What's the easiest way to see this? The only thing I could think of was to try to patch together trivializations. I couldn't find a way to make that work. Thank you!
edit: For the record, here's why I asked about this special case of the more general result about fiber bundles over contractible spaces.

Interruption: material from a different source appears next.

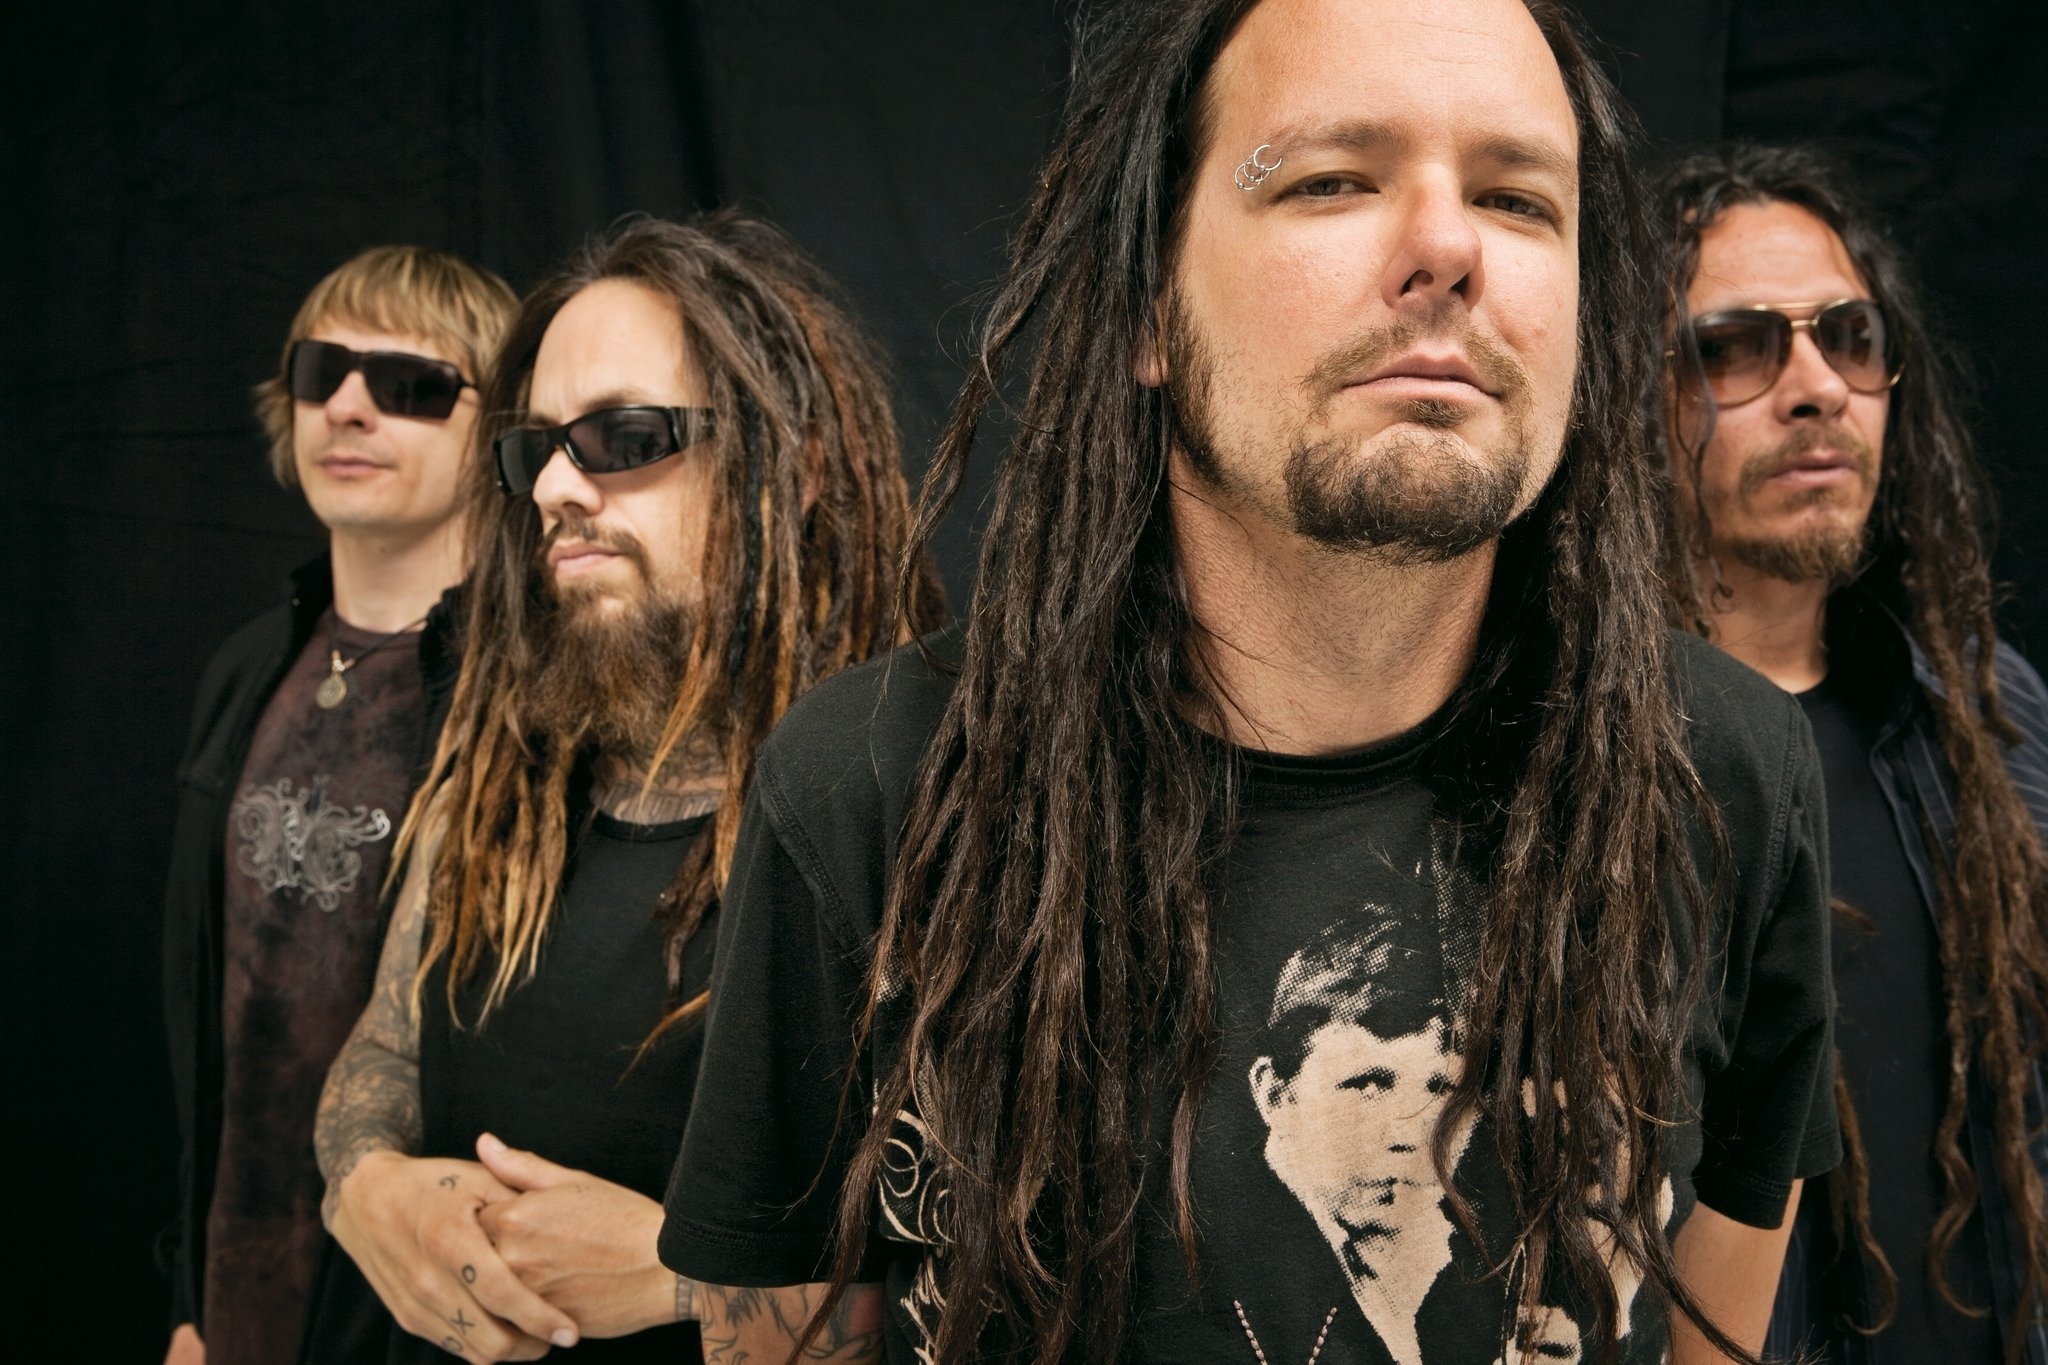 Korn wallpapers, HQ images, Music band, 4k pictures, 2050x1370 HD Desktop

In the much beloved book by Bott and Tu, it's claimed that the Leray Hirsch theorem can be proven in the same way the Kunneth theorem is proven: induct on the size of a finite good cover for the base space, then apply the Mayer Vietoris sequence and the Poincare lemma for the induction step. It's assumed that there exists a finite good cover for the base space, but it's not assumed that this cover is a refinement of the cover of the base space, which gives the local trivializations of the fiber bundle. Therefore, to apply the Poincare lemma in the induction step, it seems that you need to know that the result I asked about is true. Since fiber bundles had just been introduced in the text, I thought there may be a short, elementary proof that the authors had taken for granted.

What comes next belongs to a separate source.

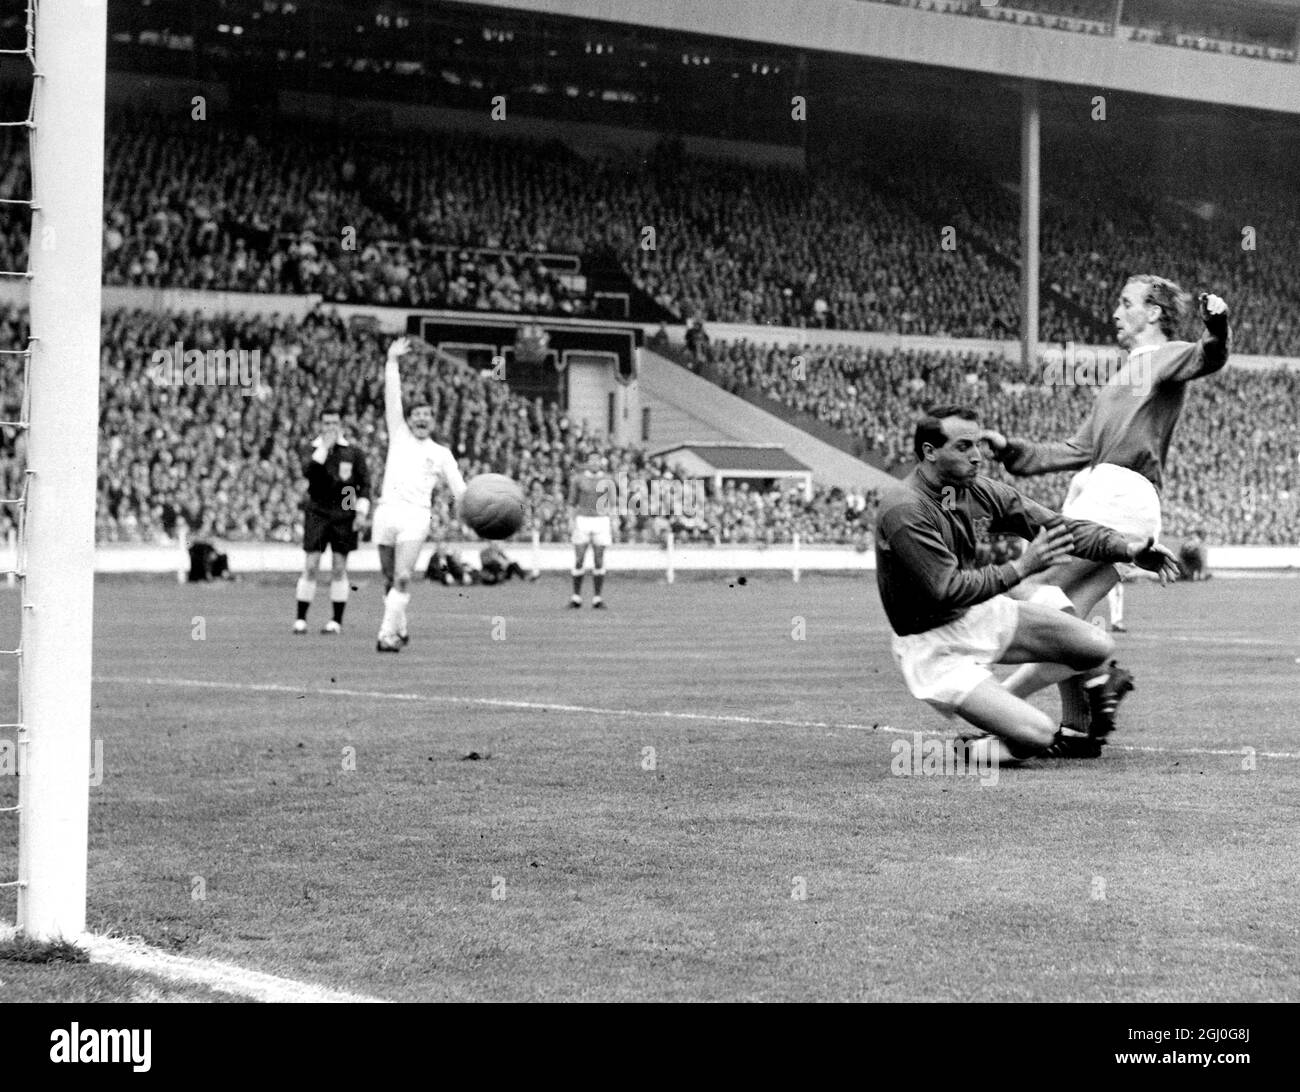 The sheffield wednesday forward Black and White Stock Photos & Images ...

Here is an easy proof of the fact that a smooth fiber bundle over a contractible base is trivial. Bott and Tu's book, mentioned in the original question, work in this framework of smooth manifolds and maps. The proof uses Moser's trick and relies on the following general basic result.

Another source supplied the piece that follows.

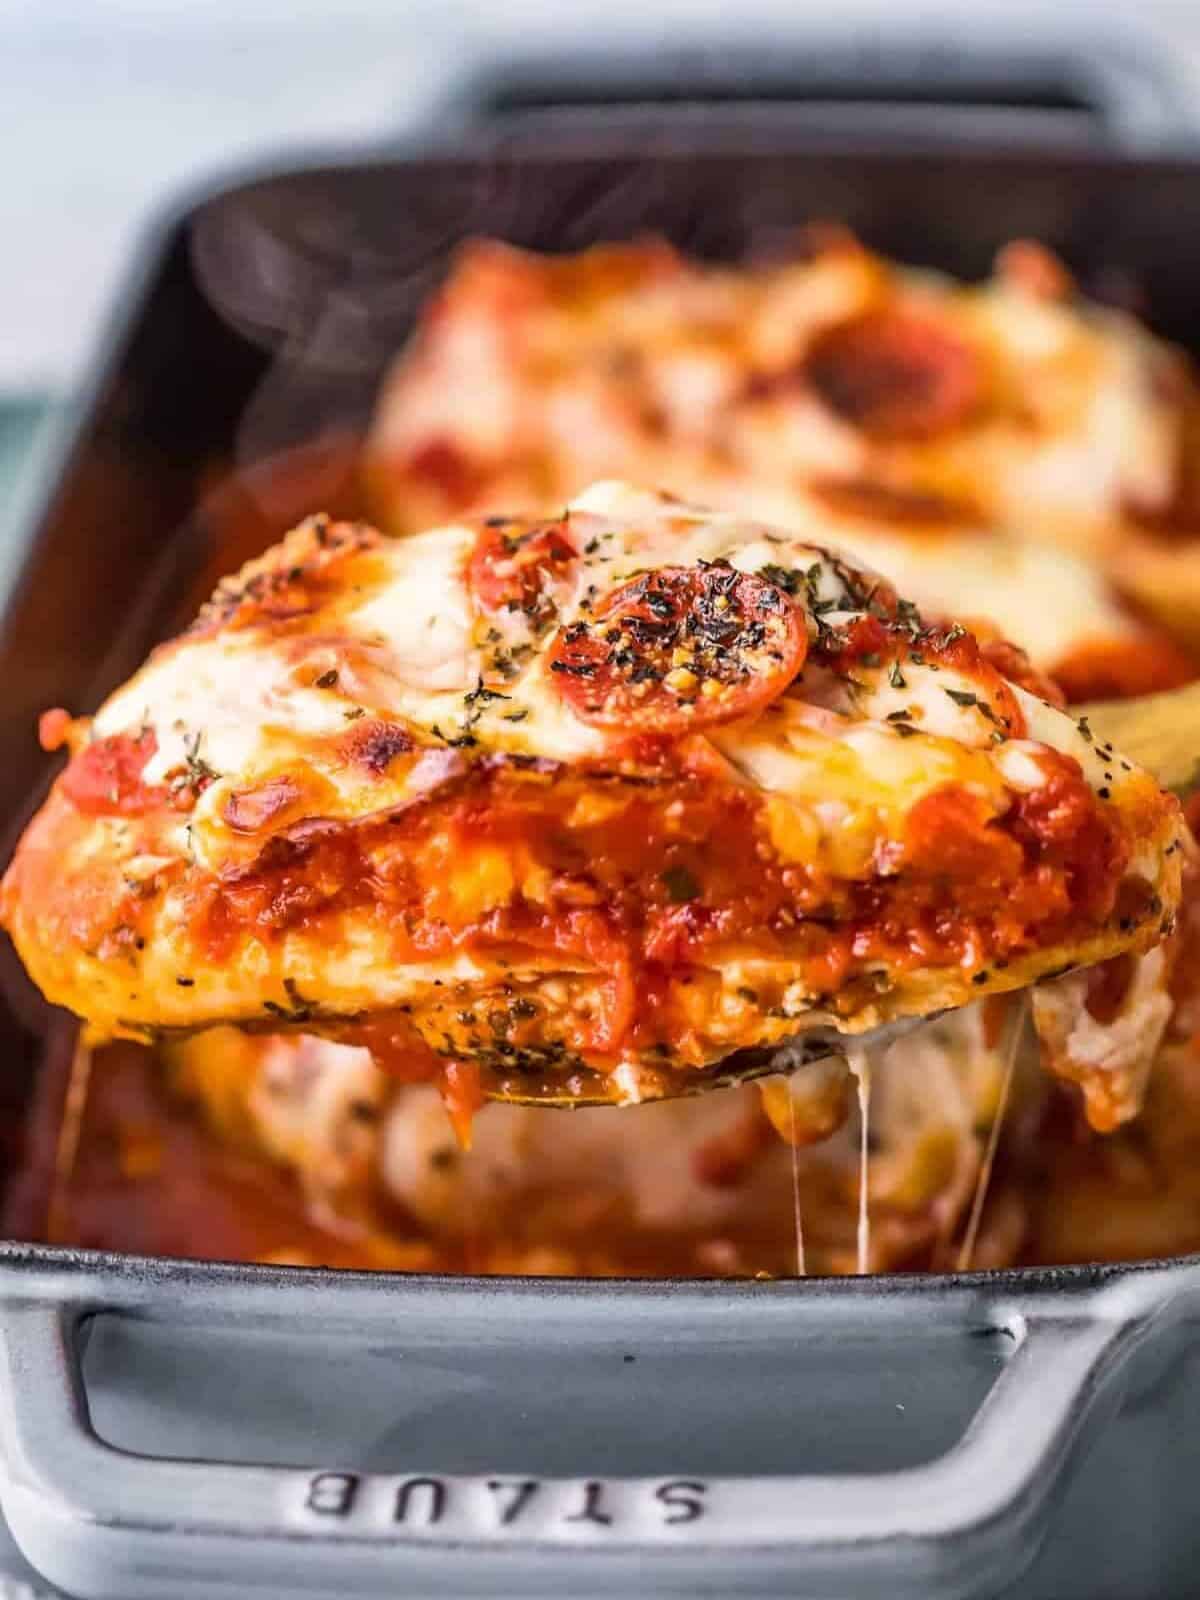 Pizza stuffed chicken breast viewed from the side.

Theorem: Every smooth fiber bundle admits a complete Ehresmann connection.
This was proposed as an exercise without proof in [Greub, Halperin, Vanstone: Connections, Curvature, and Cohomology I, Academic Press (1972)], it was presented as a theorem in [Michor: Topics in Differential Geometry, (GSM 93), American Mathematical Society (2008)] and other references with a gap in the proof, and it was finally established in del Hoyo: Complete connections on fiber bundles. Indag. Math. 27, 985–990 (2016).
Let $p:E\to B$ be a smooth fiber bundle, and let $h:f_0\cong f_1:B'\times I\to B$ be a smooth homotopy. Let us pick a complete Ehresmann connection for the pullback bundle $h^*E\to B'\times I$. Let $X\in\mathfrak{X}(h^*E)$ be the horizontal lift of the vector field $(0,\frac{d}{dt})$. Then the time 1 flow $\phi^X_1$ yields an isomorphism between $f_0^*E=h^*E|_{B'\times 0}$ and $f_1^*E=h^*E|_{B'\times 0}$. In particular, if $f_0=\rm{id}_{B}$ and $f_1$ is constant then $f_1^*E$ is trivial and so does $E=f_0^*E$.